* _Directions_
The pictures in the data below are to be omitted; all else must be duplicated exactly.

* _Data_
=-=-=-=-=
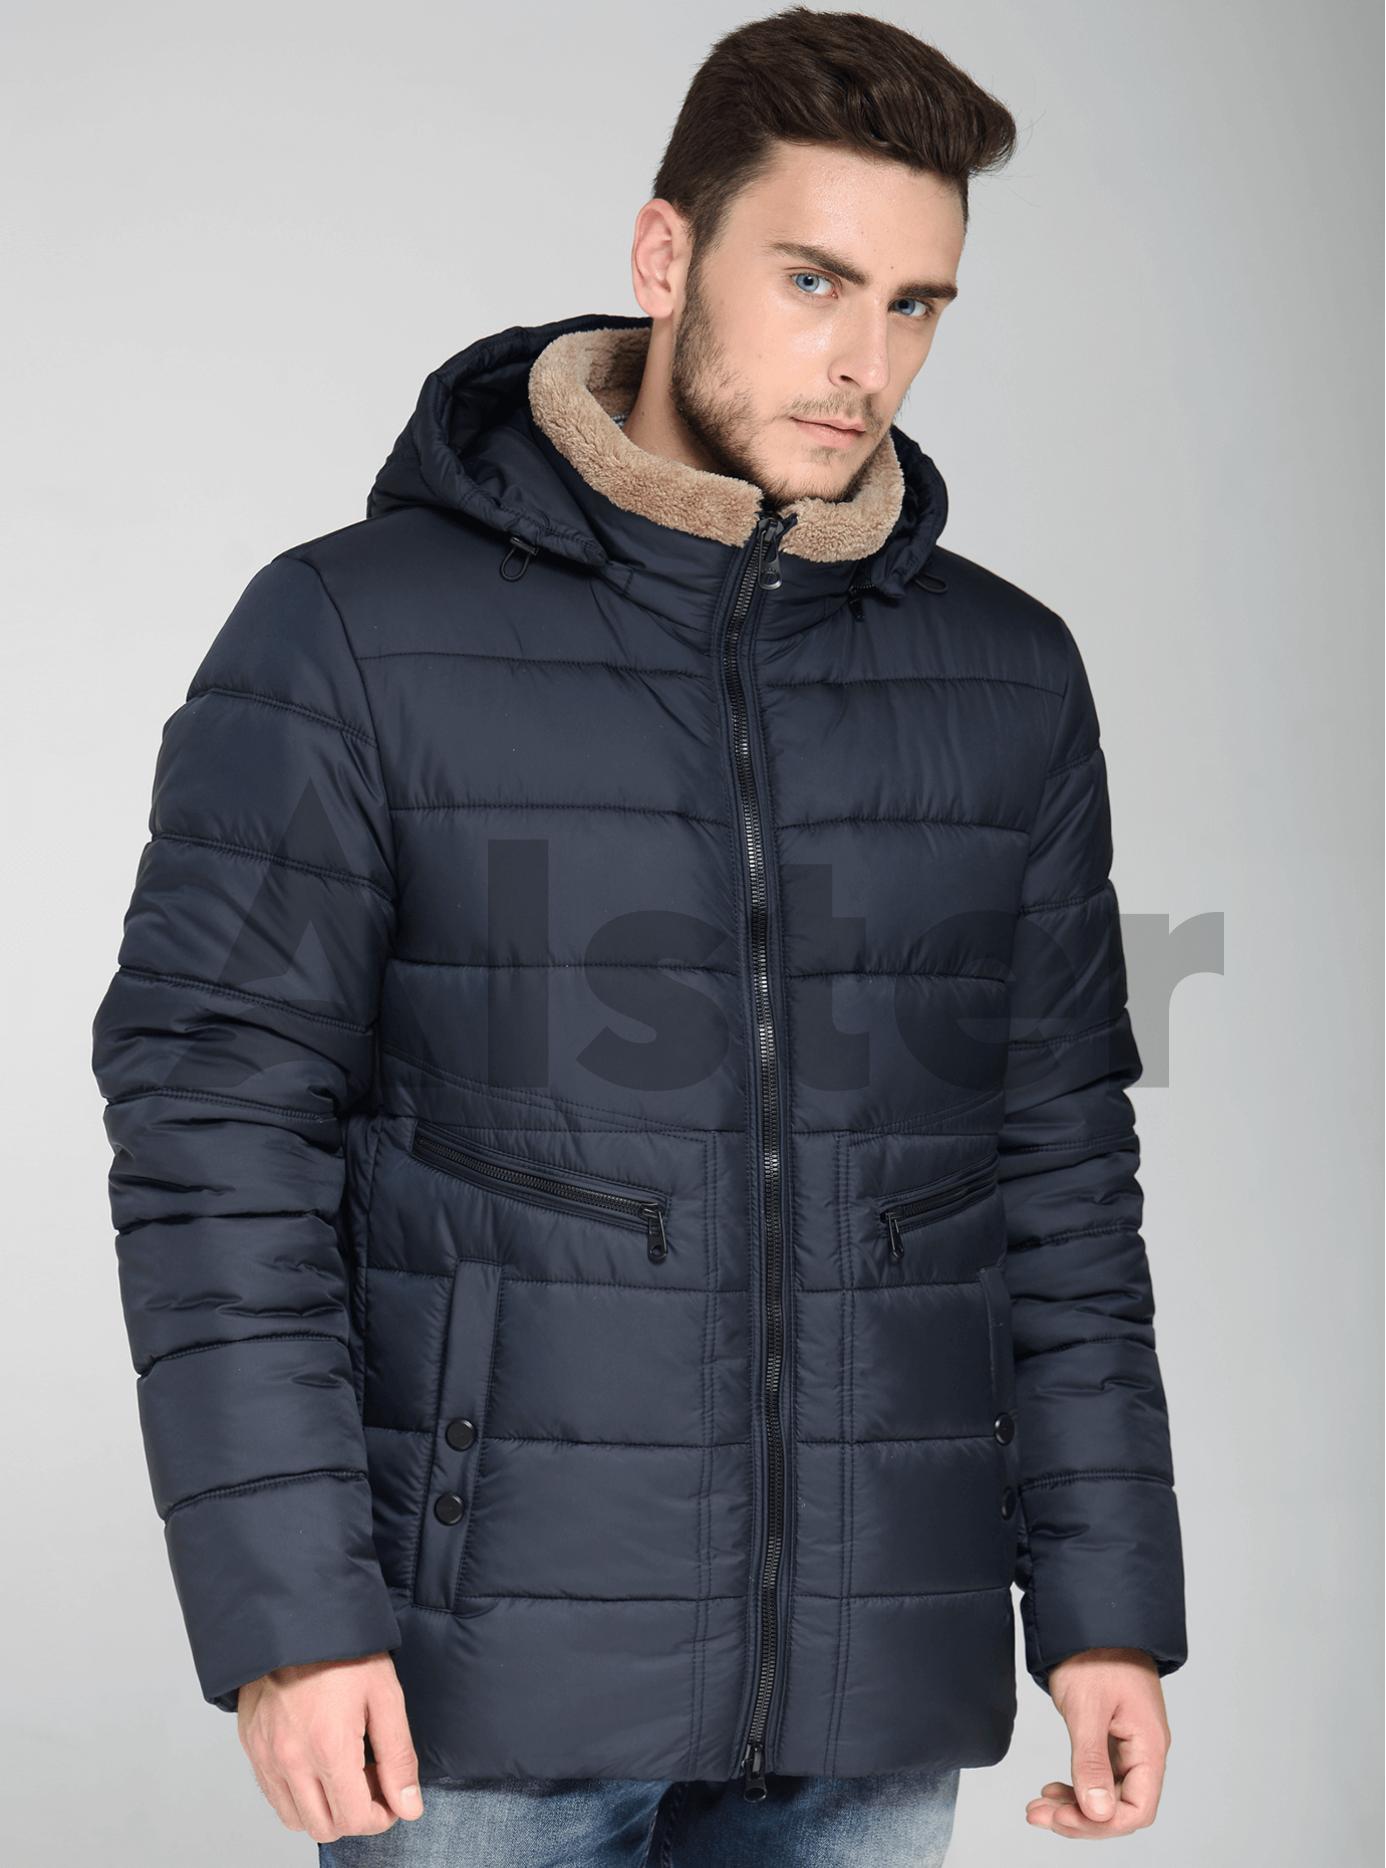 Зимняя мужская куртка с карманами Хаки 48 (02-MT19274): фото - Alster.ua
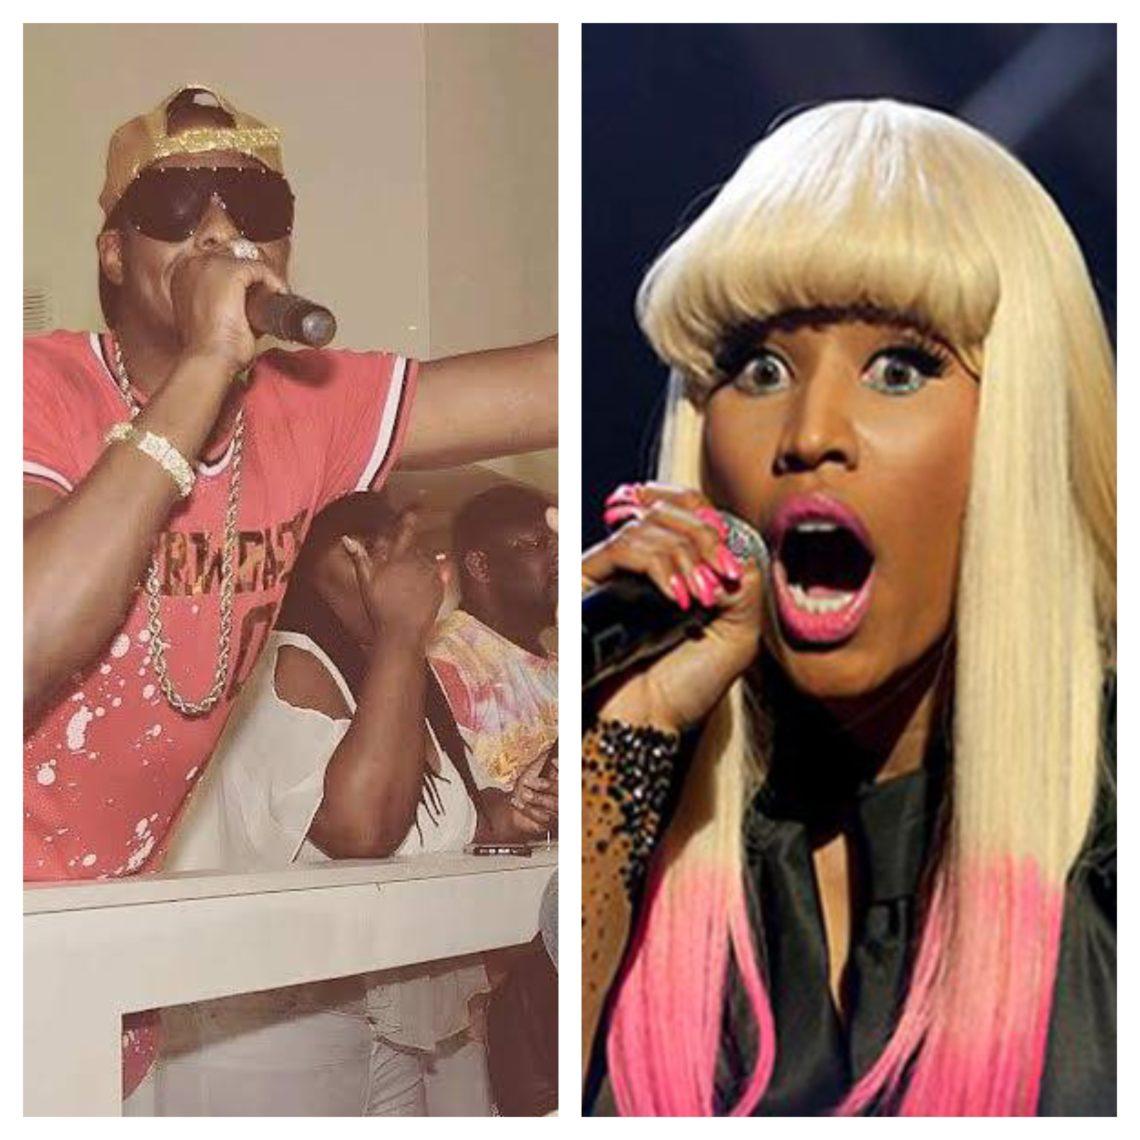 Artist P-kash and Artist nicki Minaj
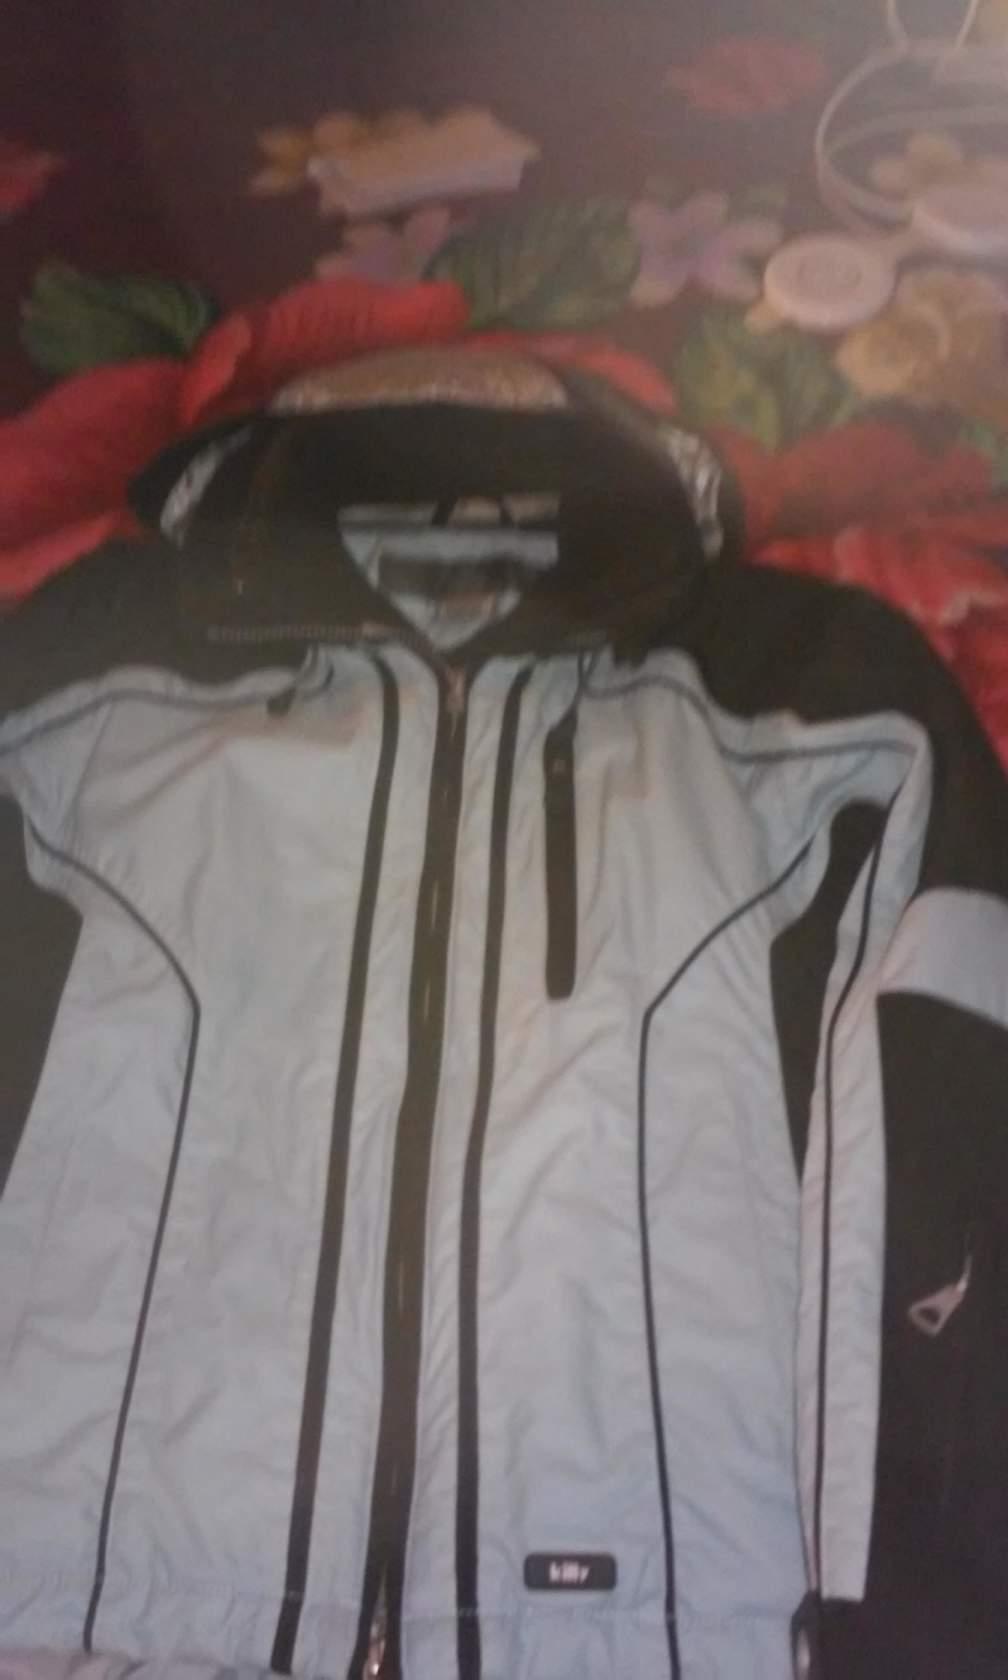 e7a8e14f530 Продается теплая горнолыжная курточка на девушку
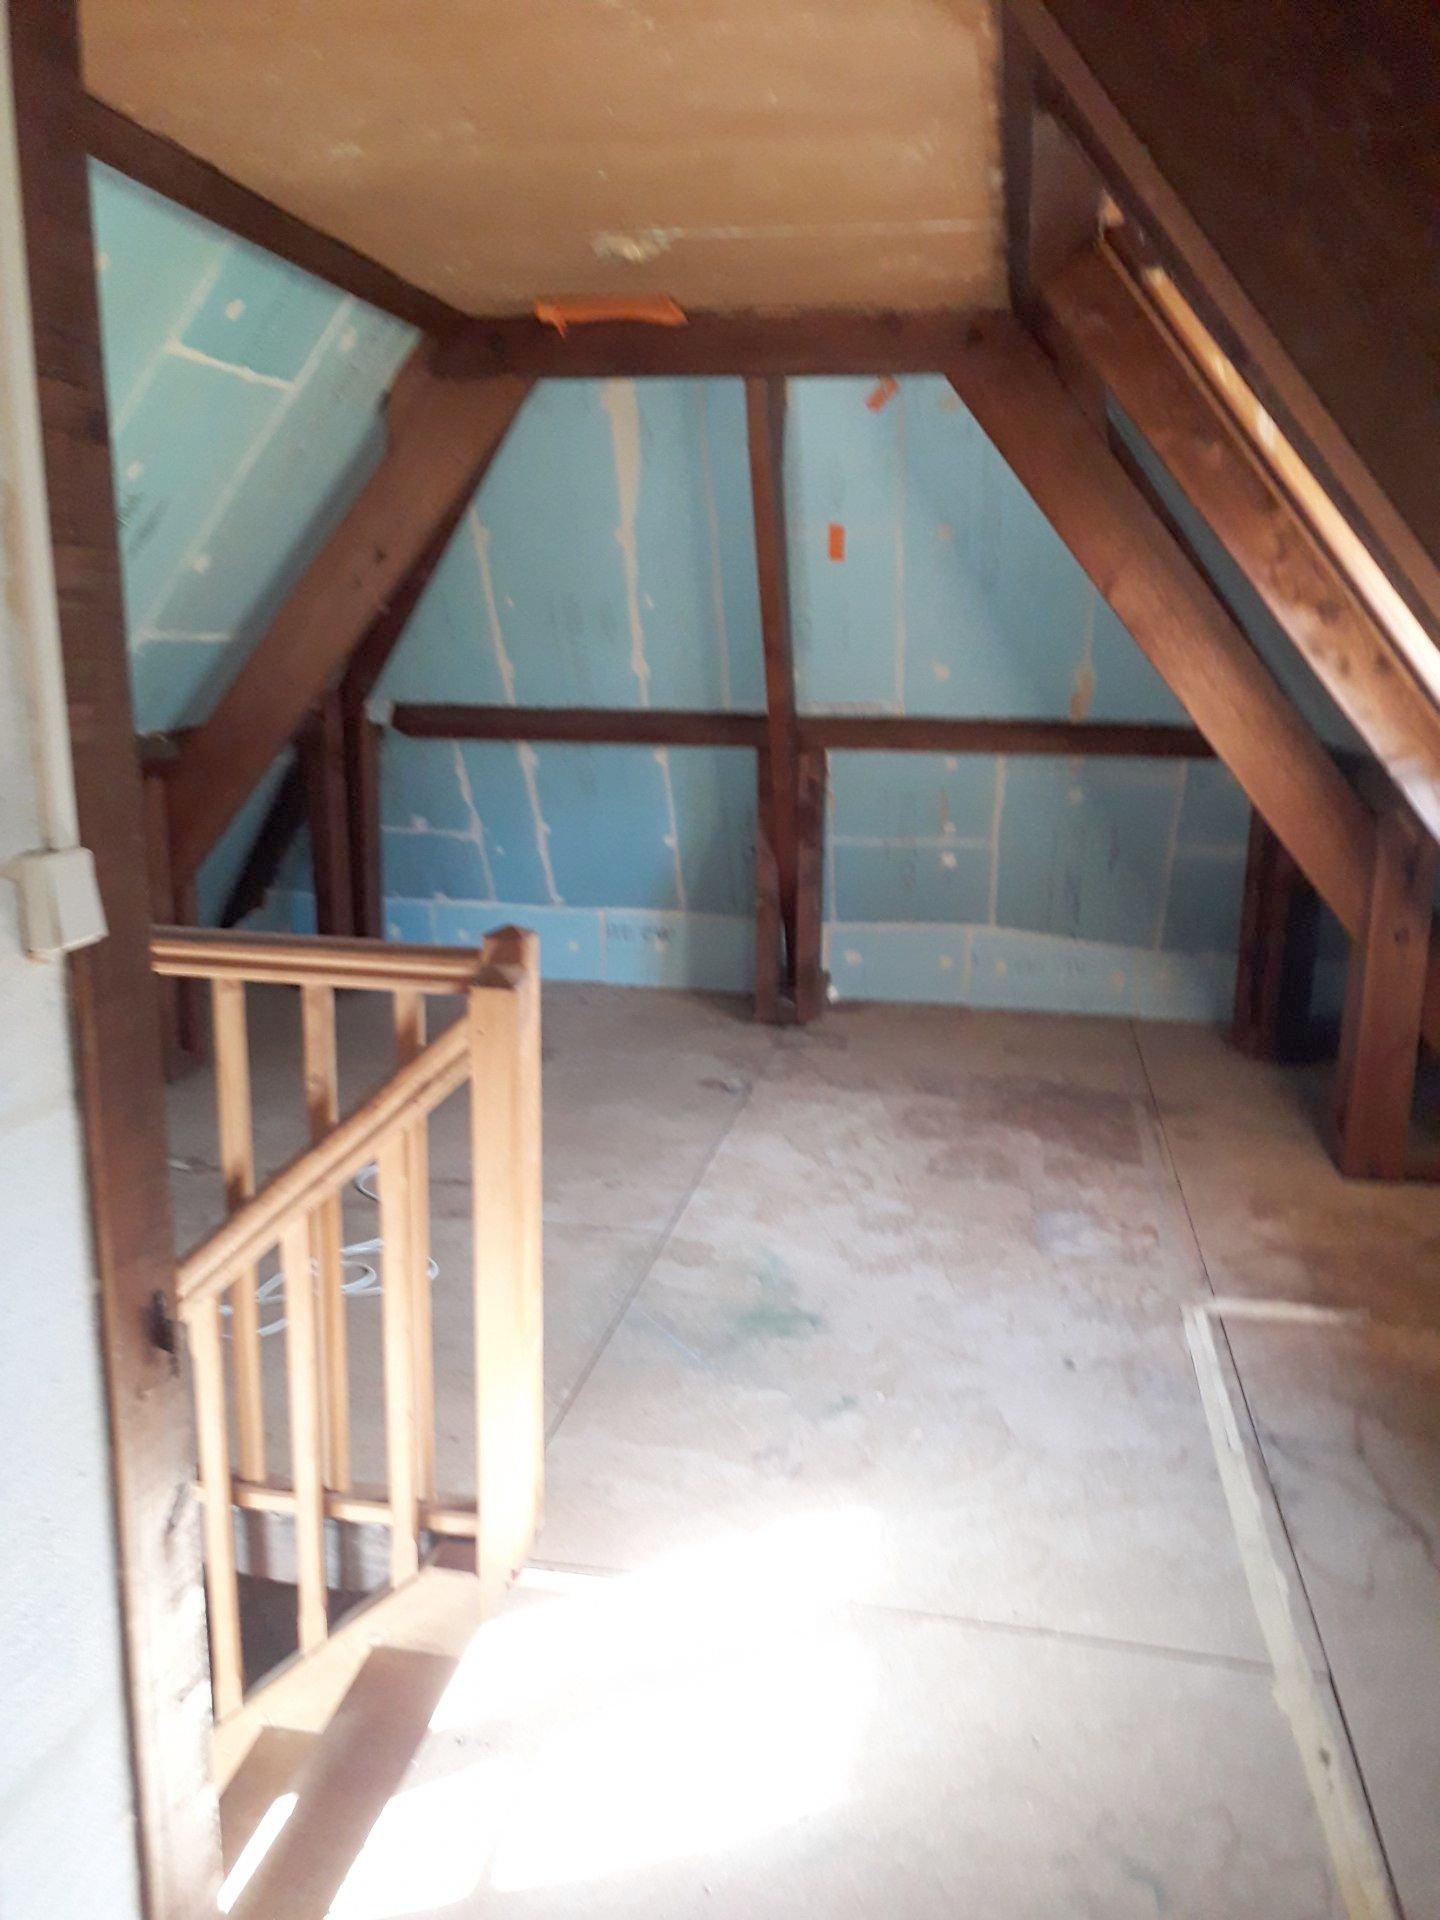 Maison périgourdine ancienne restaurée
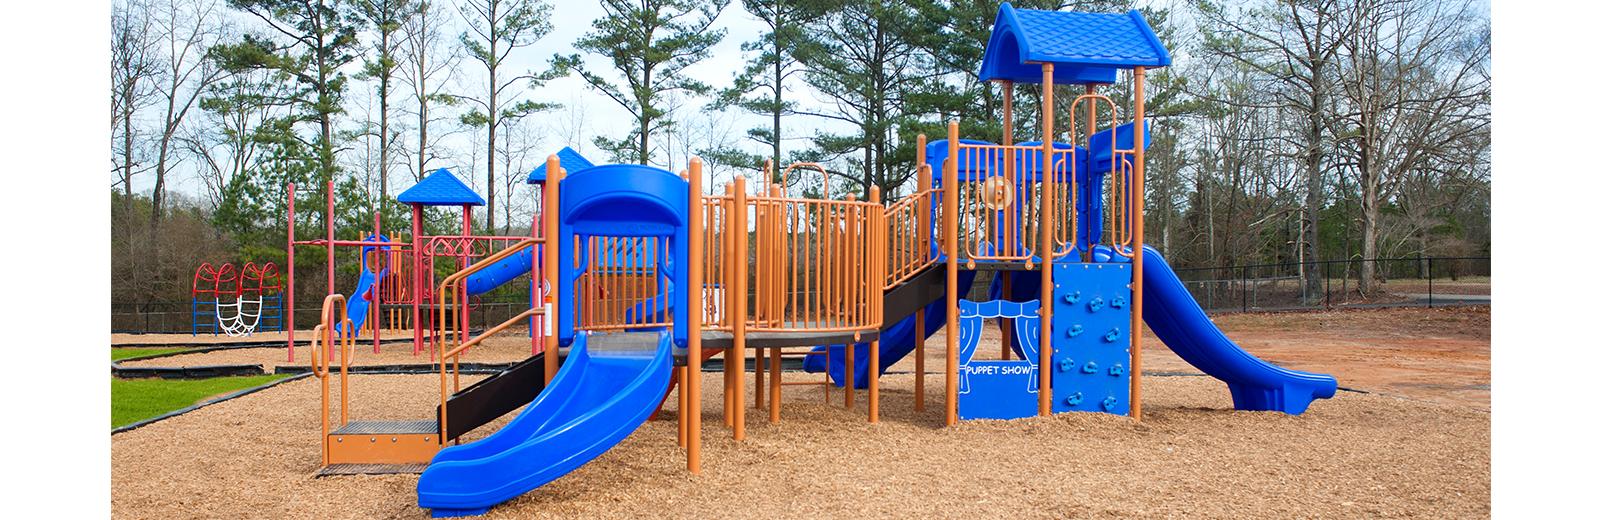 sandy-hill-elementary-playground-equipment
=-=-=-=-=
* _Written response_
 Зимняя мужская куртка с карманами Хаки 48 (02-MT19274): фото - Alster.ua
 Artist P-kash and Artist nicki Minaj
 e7a8e14f530 Продается теплая горнолыжная курточка на девушку
 Maison périgourdine ancienne restaurée
 sandy-hill-elementary-playground-equipment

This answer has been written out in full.